They just can't resist the sweet aroma and comforting blue glow of the smith machine...watch as they mindlessly float towards it and BAM. Torn rotator cuff. Another bug down.


----------



## assassin (Oct 7, 2010)

200+ said:


> oh boy, here we go with another smith machine thread



Much better than Bicep Curls thread ... ... I think...


----------



## assassin (Oct 7, 2010)

Well I never use a spotter except rarely, it has some benefits

1-You will have full control wich means you will be more concious and aware as nobody is behind you wich I think means more muscle recruitment...

2-When you reach failure, You will learn and get used to use all your strength and concentration to push the bar back to the rack..

3-You will not depend on anybody, AKA you can workout anytime and anywhere you want, wich means less variables to think about while going to the gym and while in the gym..

4-you are subjected to less stupidity..


Only Disadvantage is that you have to be so careful..


----------



## Mark Lomas (Oct 7, 2010)

I'm sure someone around the gym will spot you


----------



## HeavyBomber (Oct 7, 2010)

Gazhole said:


> I never thought of it that way, but after how busy my gym was last night i wish we had one to act like a gym bug-zapper.
> 
> They just can't resist the sweet aroma and comforting blue glow of the smith machine...watch as they mindlessly float towards it and BAM. Torn rotator cuff.
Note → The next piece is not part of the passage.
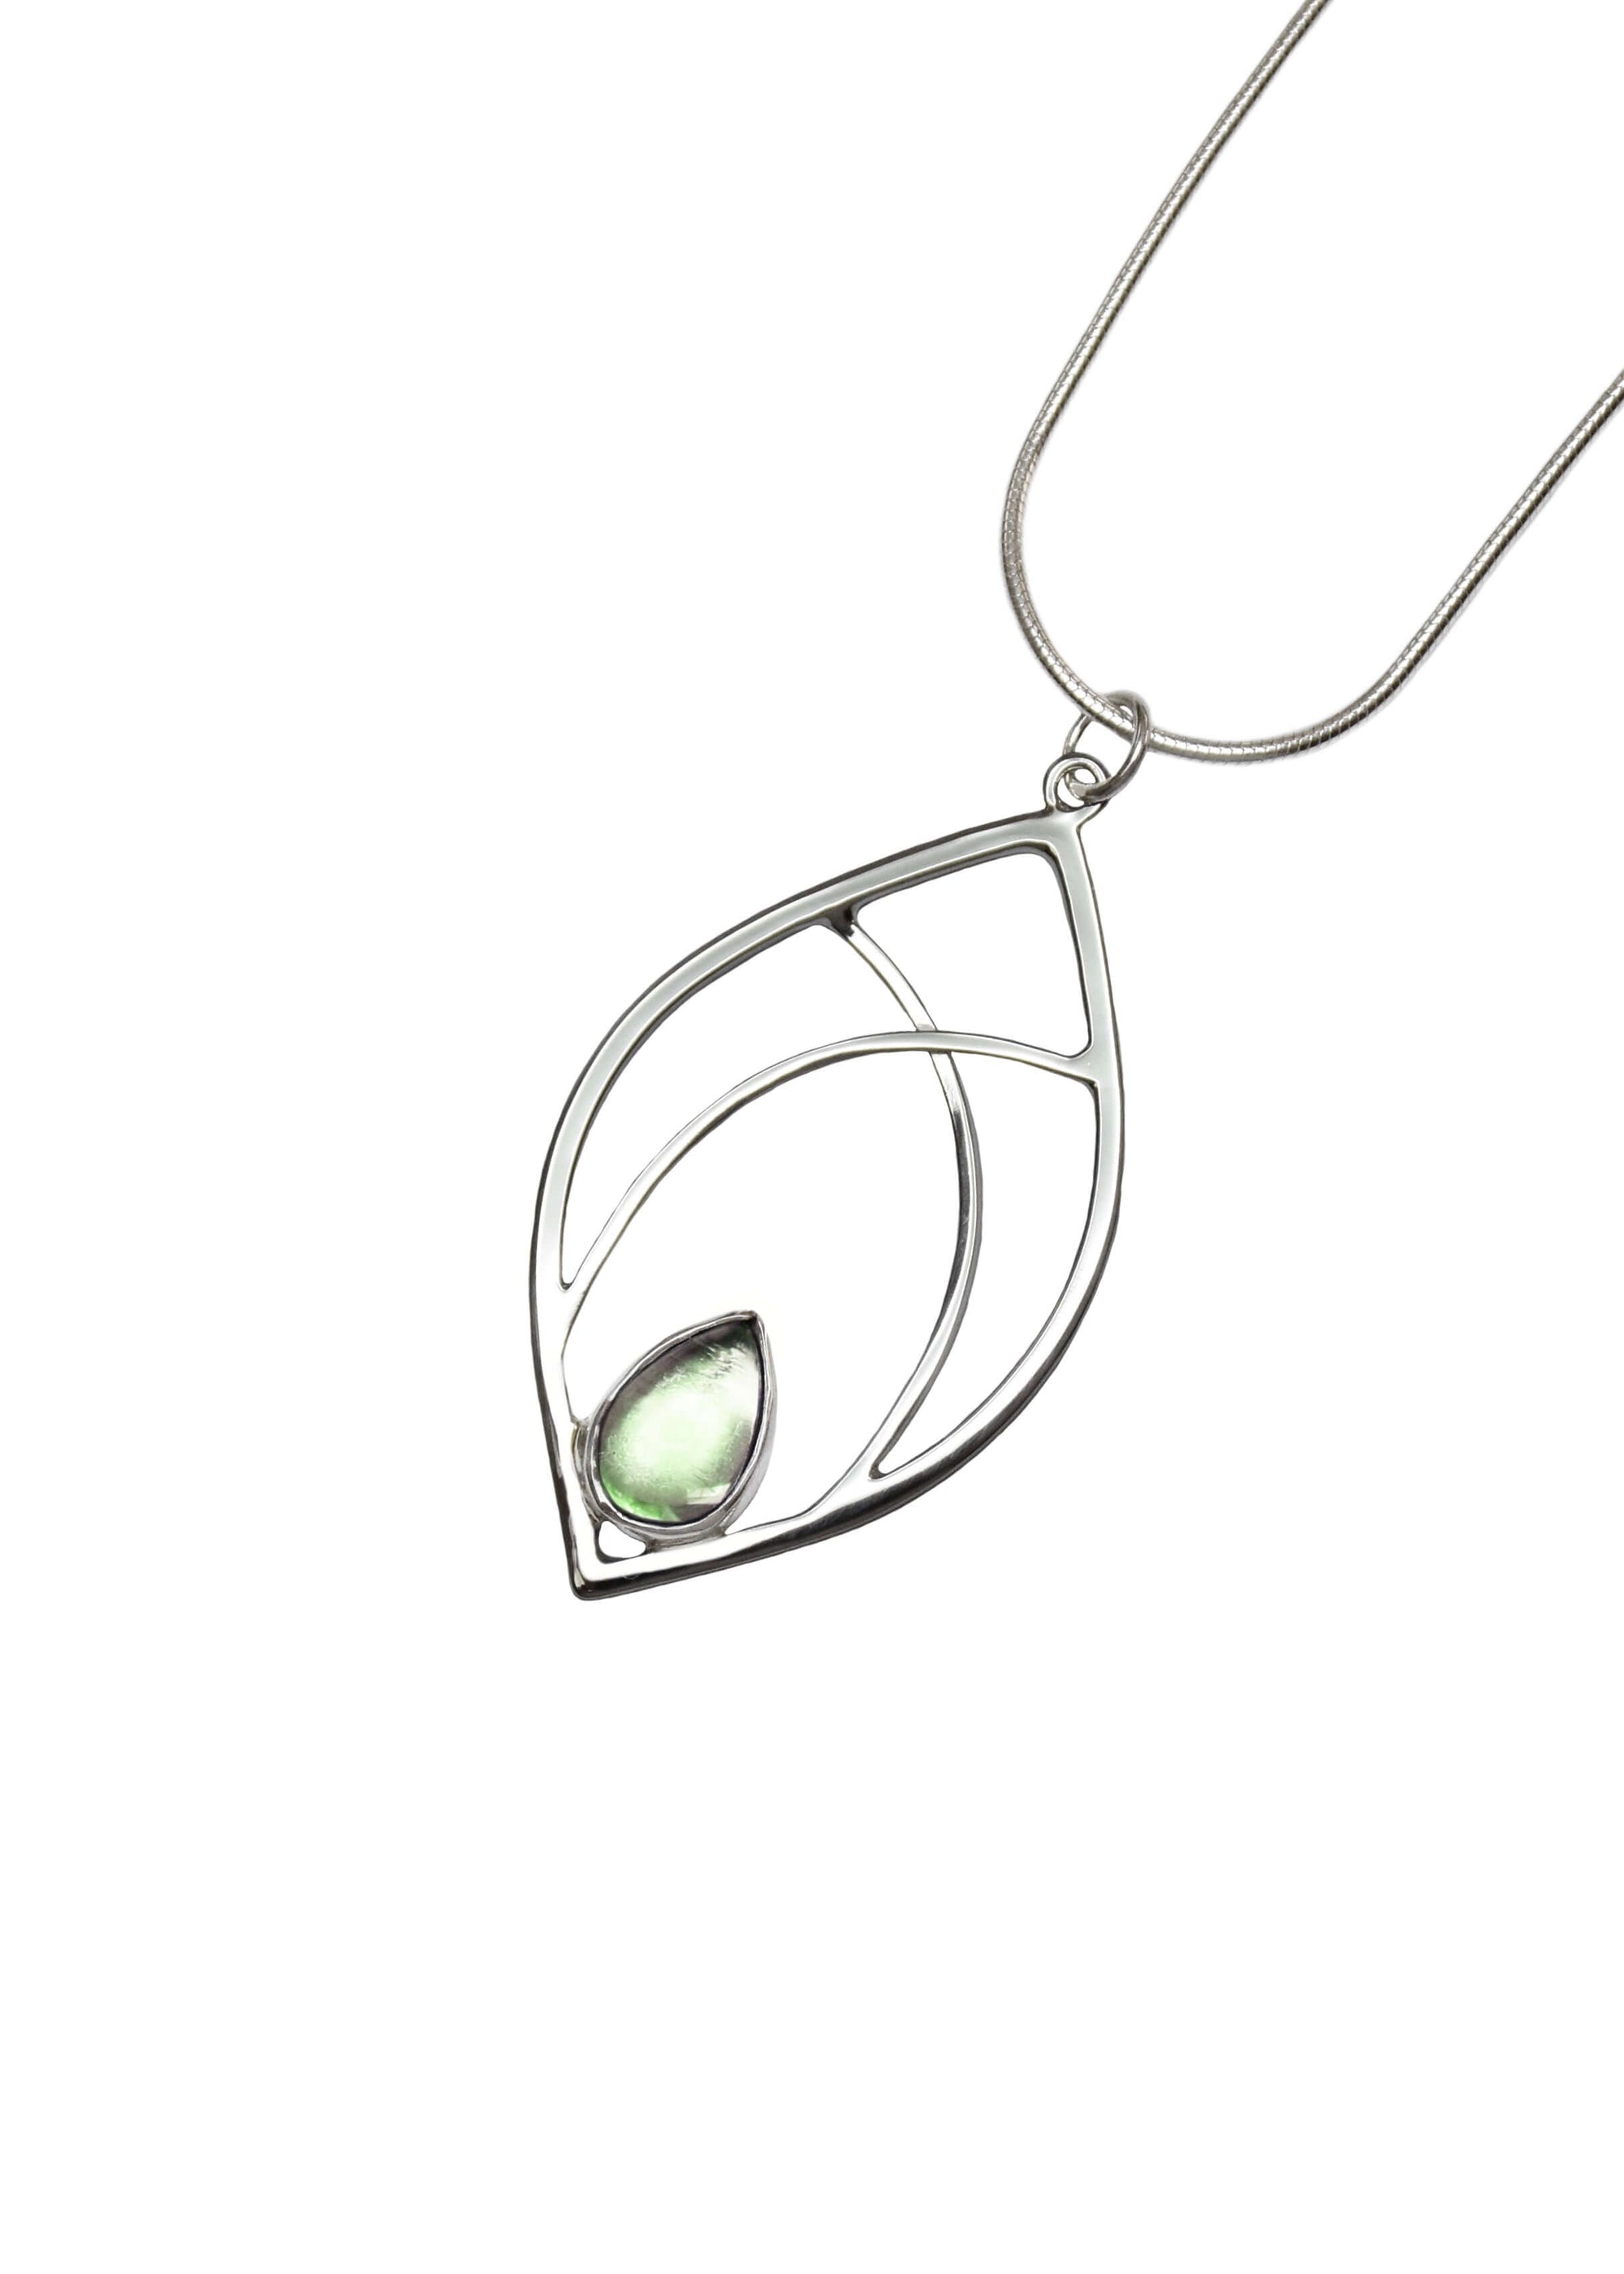 A handmade sterling silver leaf shaped pendant with green prasiolite

Another bug down.



lmao yes.


----------



## Merkaba (Oct 8, 2010)

Hey Smith Machine!


----------



## pwloiacano (Oct 10, 2010)

I like to use the smith machine in the gym that I workout at for incline bench presses.  The free weight incline rack they have is too high up and I am able to use an adjustable bench to make the incline lower so I feel the exercise more in my chest and not as much on my front delts.


----------



## gtbmed (Oct 10, 2010)

Training Alone, Part 3: Benching Alone


----------



## 200+ (Oct 10, 2010)

assassin said:


> Much better than Bicep Curls thread ... ... I think...



 just as bad I suppose.  I wish the tards doing curls at the squat rack would do them at the Smith.  

To each his own... I stay away from the Smith like the plague


----------



## assassin (Oct 15, 2010)

200+ said:


> just as bad I suppose.  I wish the tards doing curls at the squat rack would do them at the Smith.
> 
> To each his own... I stay away from the Smith like the plague



yes !!! ... and then th smith threads are going to be combined with Curl Threads forming "Lame threads" having people doing curls on the smith lol .. ...


----------